Dynamic Geometry using Logic Programming
Supervisor: Frank Kriwaczek (Room 431)
A dynamic geometry system allows you to draw basic geometric entities, such as points, lines and polygons at arbitrary positions on a blank sheet. You can then start to construct new items based on these entities and on other items already constructed.
For example, you could start out drawing three points on the sheet and then construct a triangle with the points as vertices. After this you could construct three medians (i.e., the line segments joining verices with the mid-points of the opposite sides).
Once you have created a diagram you may notice interesting geometric properties.
For example, the three medians are concurrent (i.e., they intersect in a single point).
You can then check whether this property is "an invariant", or is just a lucky consequence of the particular positions and dimensions of the original entities you drew.

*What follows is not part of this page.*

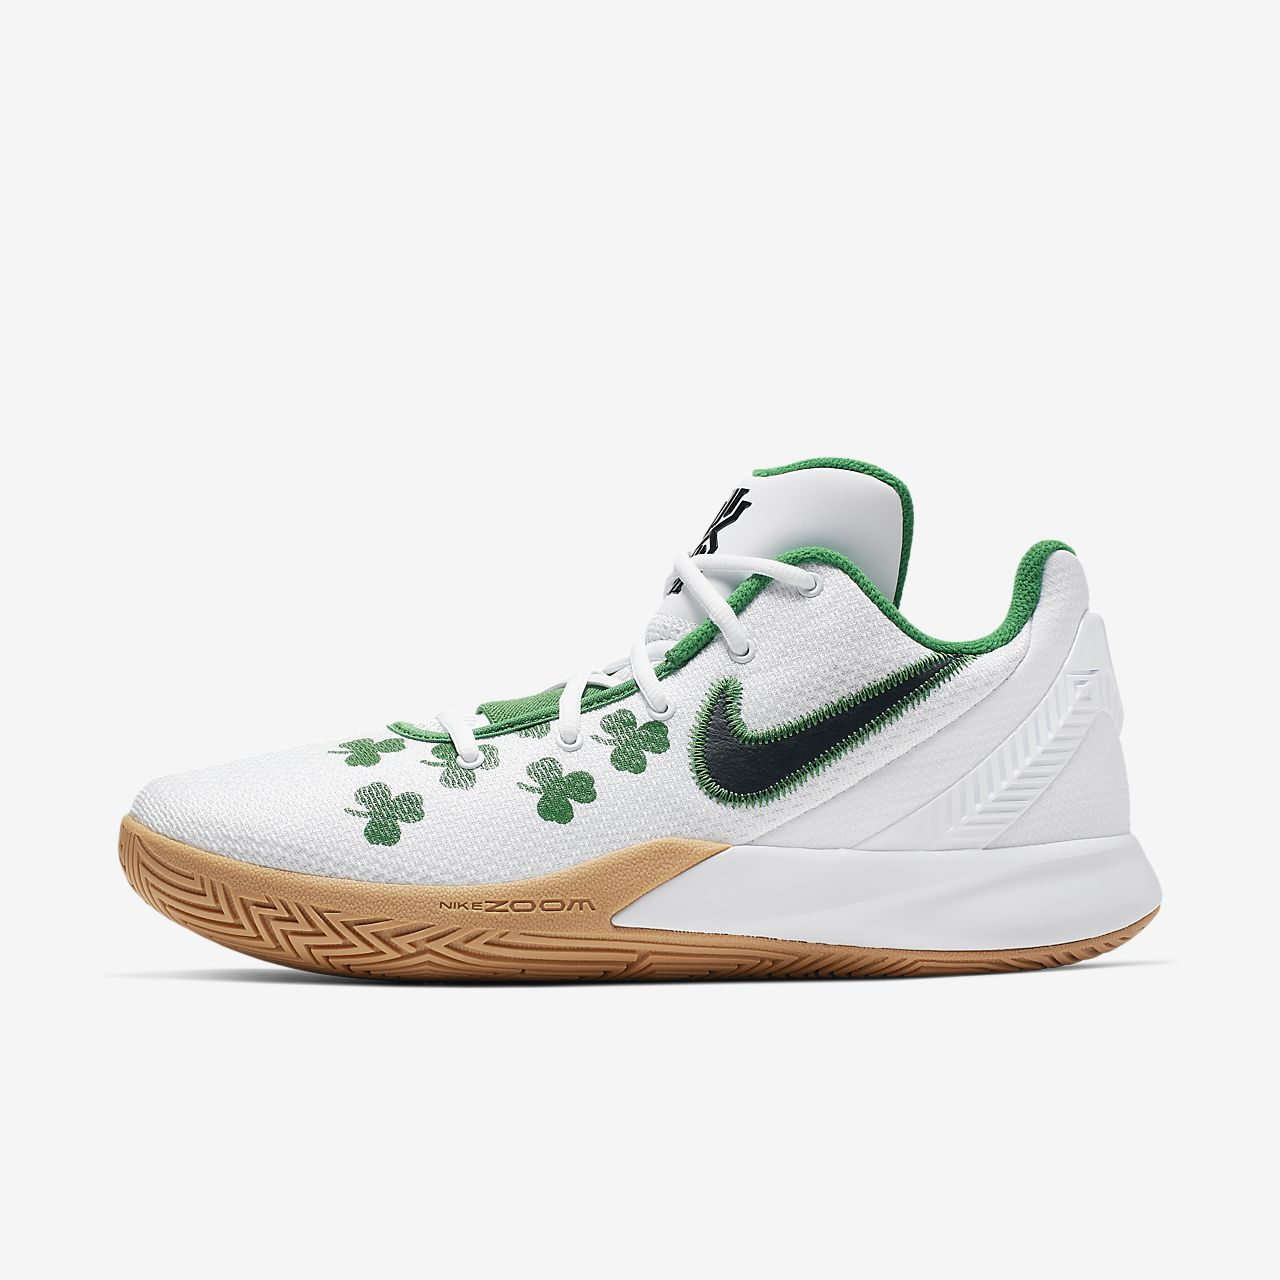 best sneakers c8a5a 2d1aa ... Kyrie Flytrap II EP Basketball Shoe
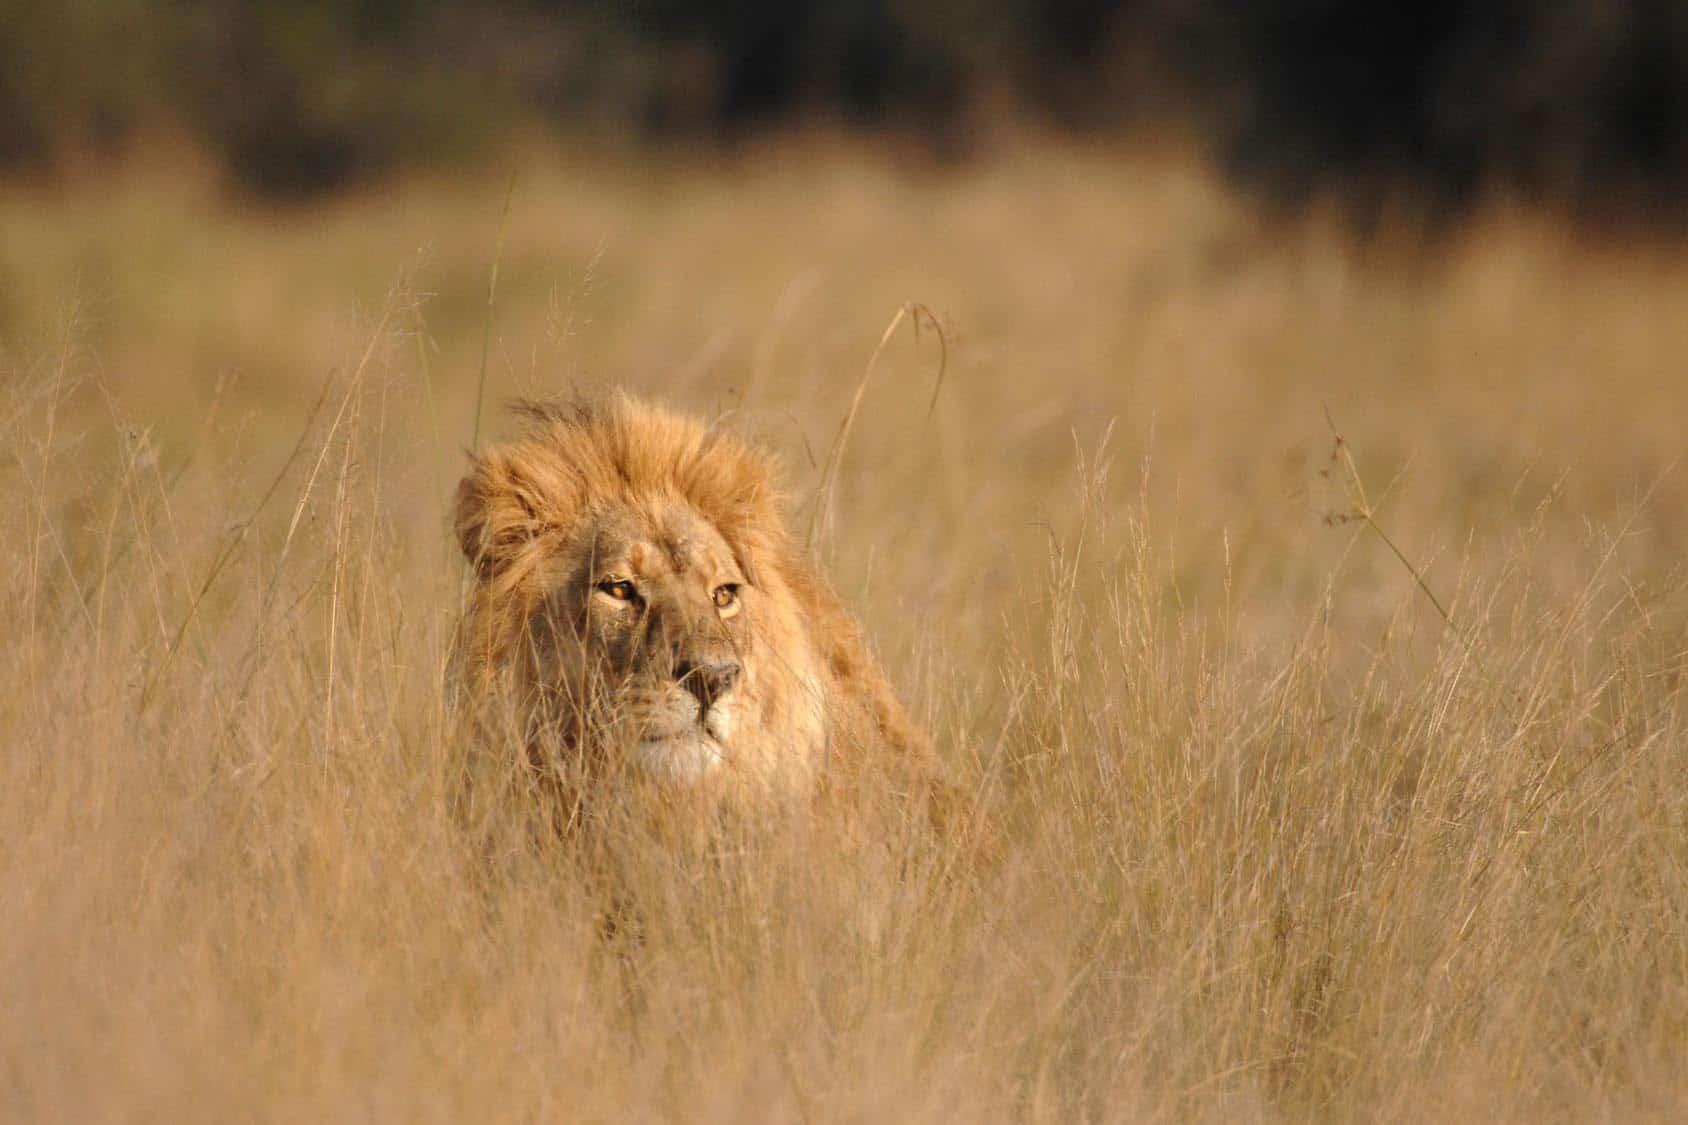 Male Lion Hiding In Long Grass

For example, you can click on one of the original points, drag it to a new position and observe as the diagram adjusts itself, with the three medians still concurrent.
Your observation may lead you to hypothesize a general result, which you could then try to prove using traditional methods of Euclidean Geometry.
The three best known dynamic geometry systems are Cabri Geomètre (French), The Geometer's Sketchpad (American) and Cinderella (German). Each can be used as a desktop application, although they all now offer the facility of exporting completed diagrams as live Java applets, to experiment with over the Web. See for example:
Cabri: http://www-cabri.imag.fr/cabrijava/index.html
Geometer's Sketchpad: http://www.keypress.com/sketchpad/java_gsp/gallery.html
Cinderella: http://www.cinderella.de/en/demo/
The aim of this project is to build a rudimentary dynamic geometry system using Logic Programming languages Prolog and / or CLP. You will probably need to link up your logic programming engine and knowledge base to an interactive graphics system written in another language such as Java, Visual Basic or Tcl/Tk.SICStus Prolog provides such interfaces. It would be desirable, but not essential to inculde an "Export to Web" facility.